Deep Reinforcement Learning for Bipedal Locomotion: A Brief Survey
Lingfan Bao, Joseph Humphreys, Tianhu Peng, Chengxu Zhou
TL;DR
This survey analyzes DRL-based frameworks for bipedal locomotion, comparing end-to-end and hierarchical control to identify fragmentation and the lack of a unified framework. It details end-to-end approaches, split into reference-based and reference-free paradigms, and three hierarchical schemes (deep planning hybrid, feedback DRL control hybrid, and learned hierarchy), highlighting sim-to-real transfer and safety concerns. The authors pinpoint core challenges—generalisation versus precision, the sim-to-real gap, and safety—and propose future directions, including multi-skill learning, perception-conditioned control, motion retargeting, and the use of foundation models. They introduce two conceptual blueprints, Bipedal Foundation Models (BFMs) and Multi-Layer Adaptive Models (MLAMs), as potential pathways toward a generalist, unified locomotion framework with broad real-world impact.
Abstract
Bipedal robots are gaining global recognition due to their potential applications and advancements in artificial intelligence, particularly through Deep Reinforcement Learning (DRL). While DRL has significantly advanced bipedal locomotion, the development of a unified framework capable of handling a wide range of tasks remains an ongoing challenge. This survey systematically categorises, compares, and analyses existing DRL frameworks for bipedal locomotion, organising them into end-to-end and hierarchical control schemes.
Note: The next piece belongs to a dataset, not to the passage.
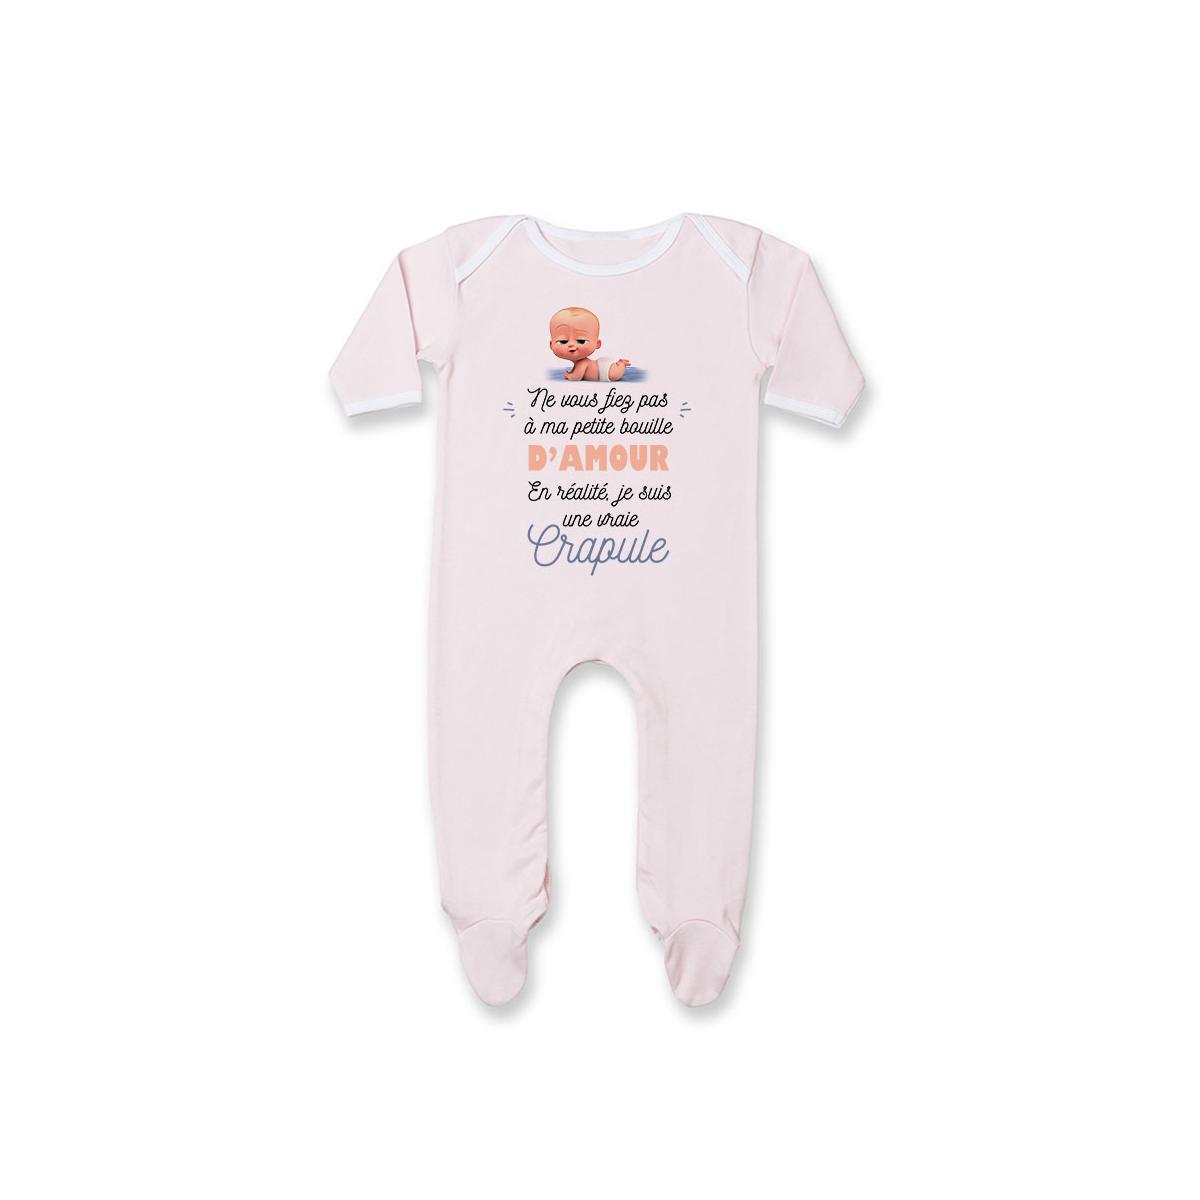 Pyjama bébé Une vraie crapule

End-to-end frameworks are evaluated based on their learning approaches, while hierarchical frameworks are examined in terms of layered structures that integrate learning-based or traditional model-based methods. We provide a detailed evaluation of the composition, strengths, limitations, and capabilities of each framework. Additionally, this survey identifies key research gaps and proposes future directions aimed at creating a more integrated and efficient framework for bipedal locomotion, with wide-ranging applications in real-world environments.